Dia mengatakan, pertemuan ini sengaja dilaksanakan untuk memperkuat silaturahim atas perdebatan Masjid Al Safar. Namun perbedaan pandangan tidak perlu lagi dipersoalkan.

“Saling minta maaf, tidak ada yang merasa paling benar, walaupun mereka punya keyakinannya masing-masing,” ujarnya.


Ketua MUI: Diskusi Harus Dikedepankan

Ketua MUI Jabar, Rahmat Syafei mengingatkan pentingnya pertemuan untuk membahas hal yang diperdebatkan. (Liputan6.com/Huyogo Simbolon)

Menanggapi permintaan Ridwan Kamil terkait kesepakatan ulama atas simbolisme di masjid, Ketuai MUI Jabar, Rahmat Syafei mengaku akan mengkaji hal tersebut.

“Ya kalau perlu dan ada masalahnya nanti kami berkewajiban untuk melihat masalah yang tadi supaya kita merasa lebih jelas lagi. Tadi itu masalah pandangan, makanya kita dengar. Jangan sampai hasil karya yang orangnya sudah punya niat baik tapi ada kekhawatiran dan kita lihat sejauh mana dampaknya terhadap keimanan,” kata Rahmat.

Menurut Rahmat, fatwa untuk membangun masjid dengan aturan tanpa simbol tertentu bukan hal yang urgen. Ia melihat perbedaan pendapat harus diberi ruang untuk saling berdiskusi terlebih dulu.

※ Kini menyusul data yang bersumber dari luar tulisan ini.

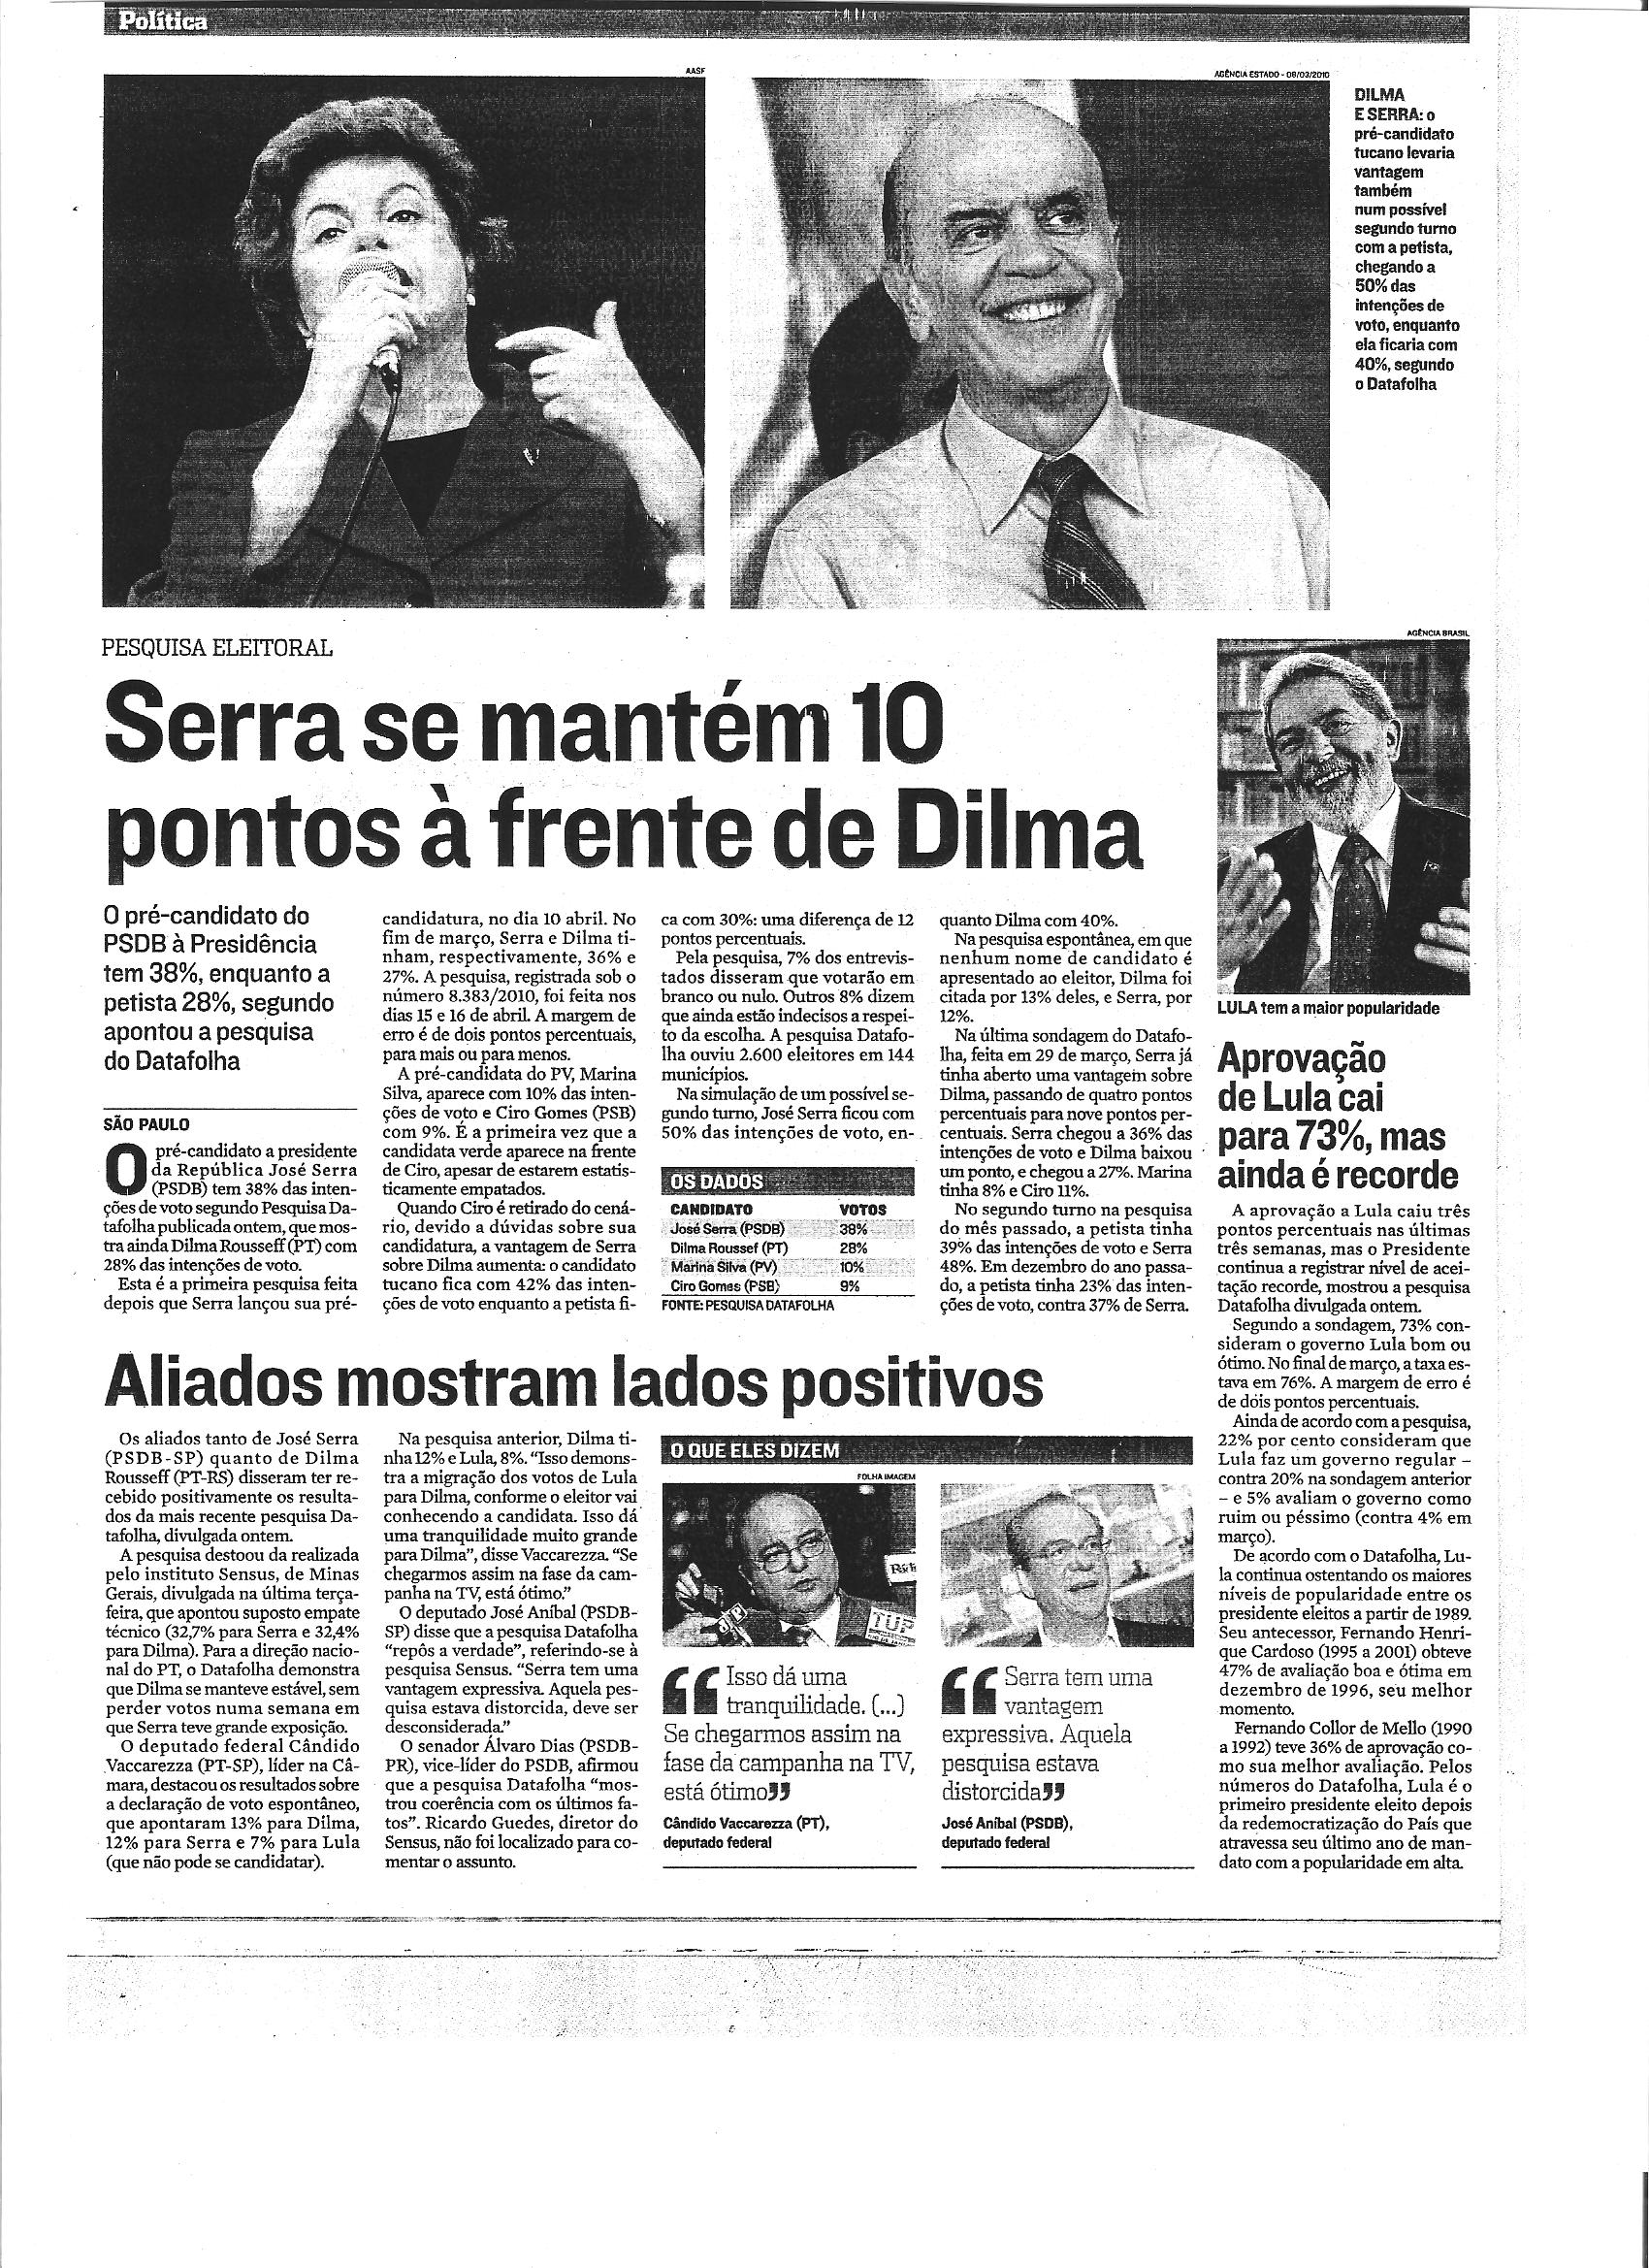 Política - Serra se mantém 10 pontos à frente de Dilma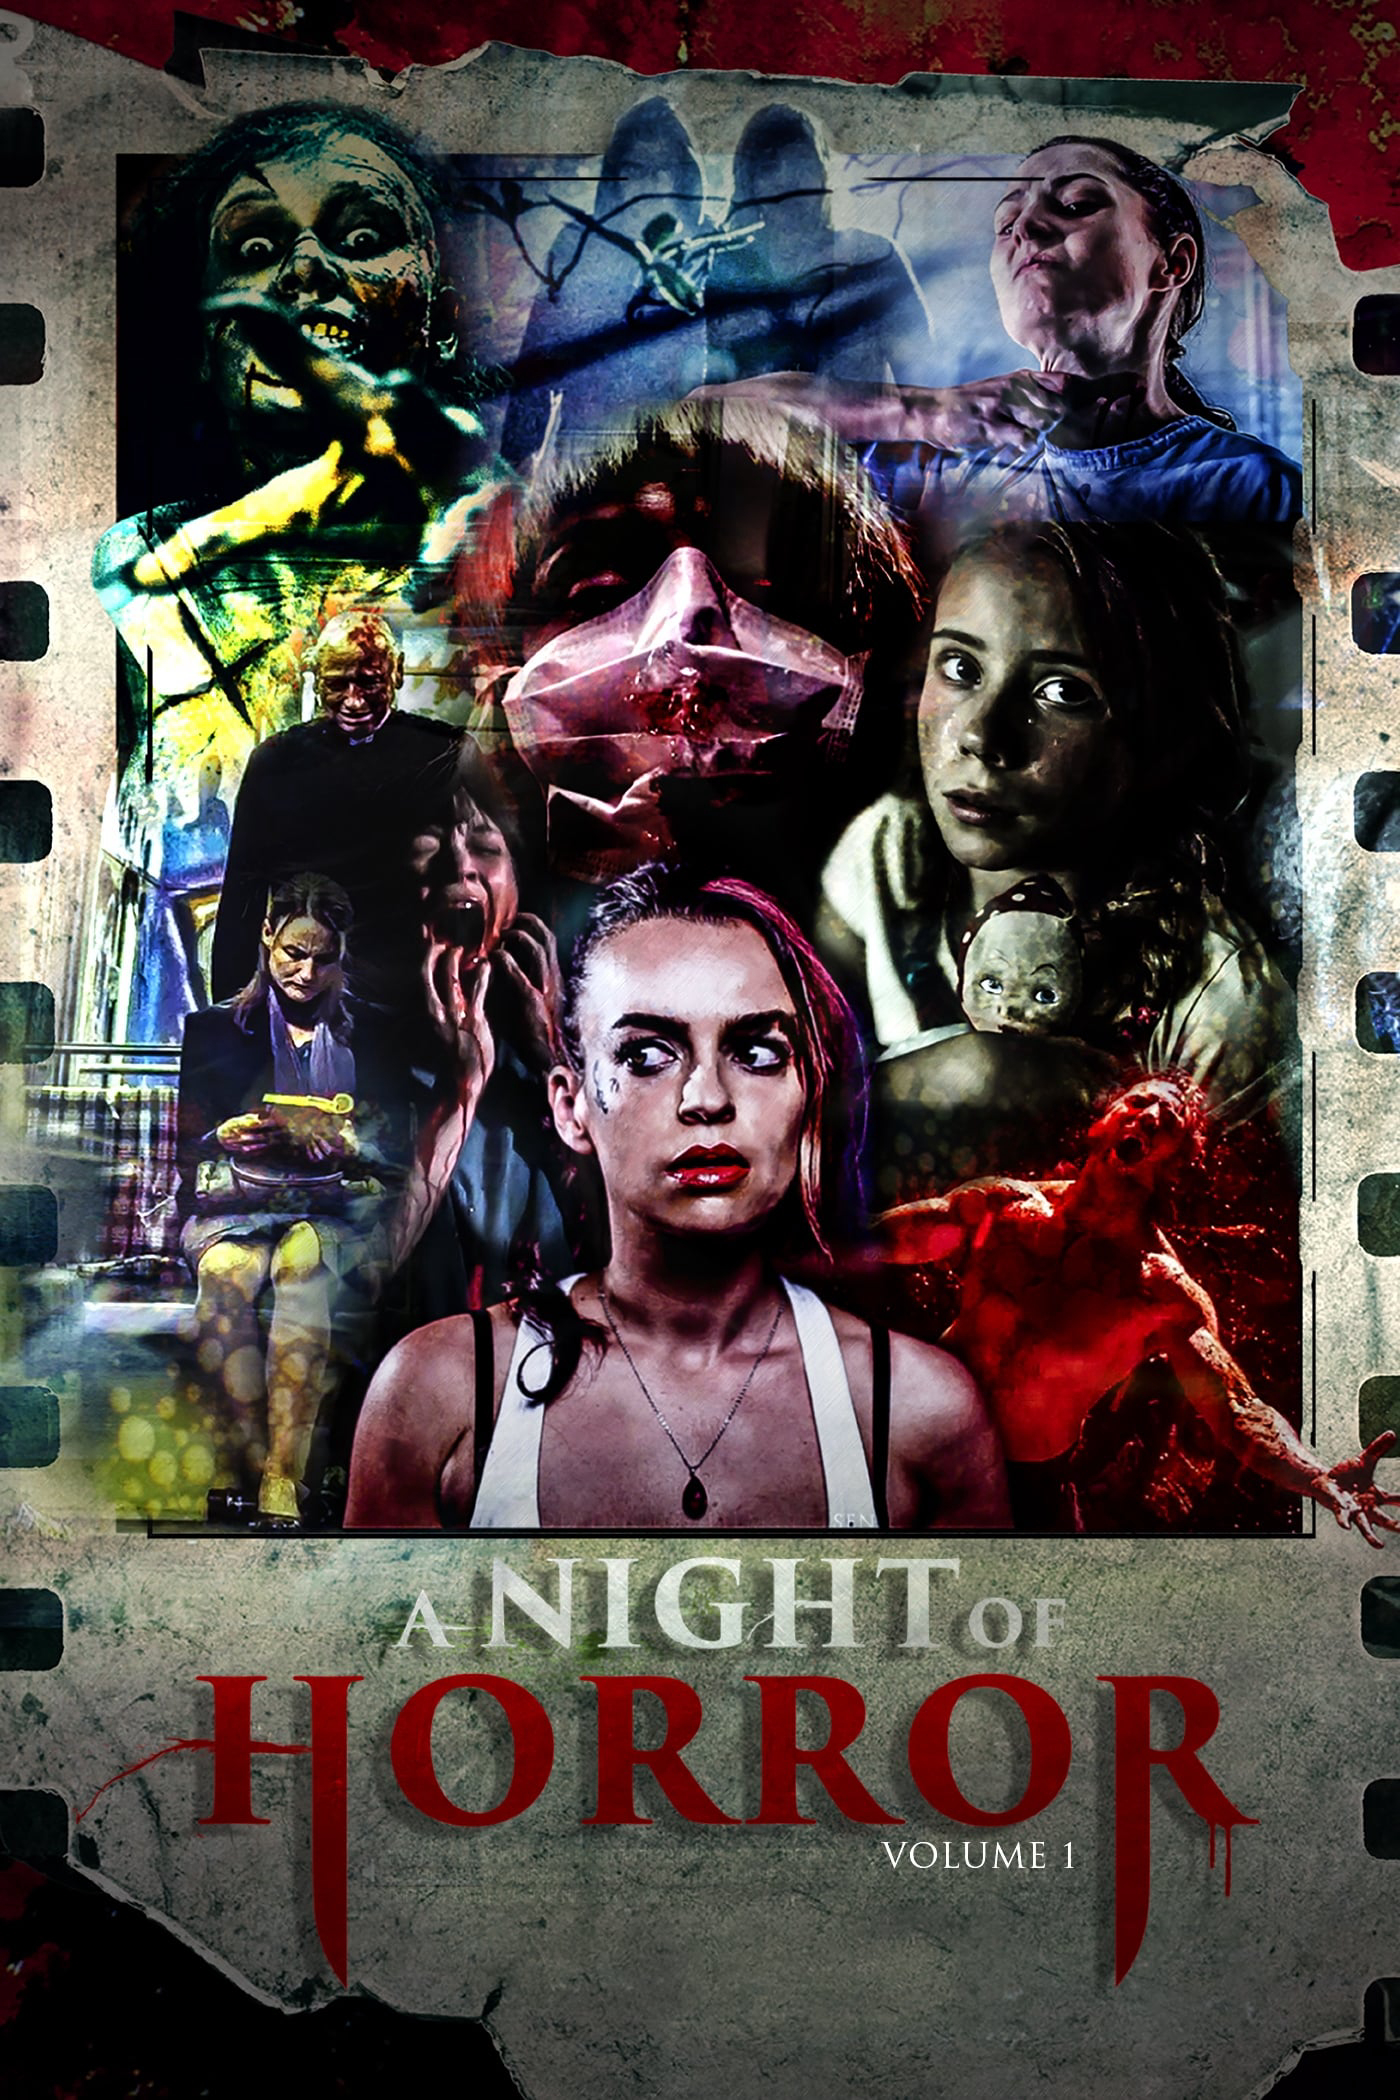 A Night of Horror Volume 1 (A Night of Horror Volume 1) [2015]

“Ya (fatwa) tidak diperlukan. Kalau ada yang bertanya, ada masalah baru dikaji. MUI sadar kalau sebelumnya ada masalah, kedua belah pihak menjelaskan dulu,” ujarnya.

Ia pun tidak menampik jika perlu menghadirkan forum untuk menjembatani perbedaan pendatap ini ke depan.

“Pasti, diundang bukan hanya MUI saja,” ujarnya.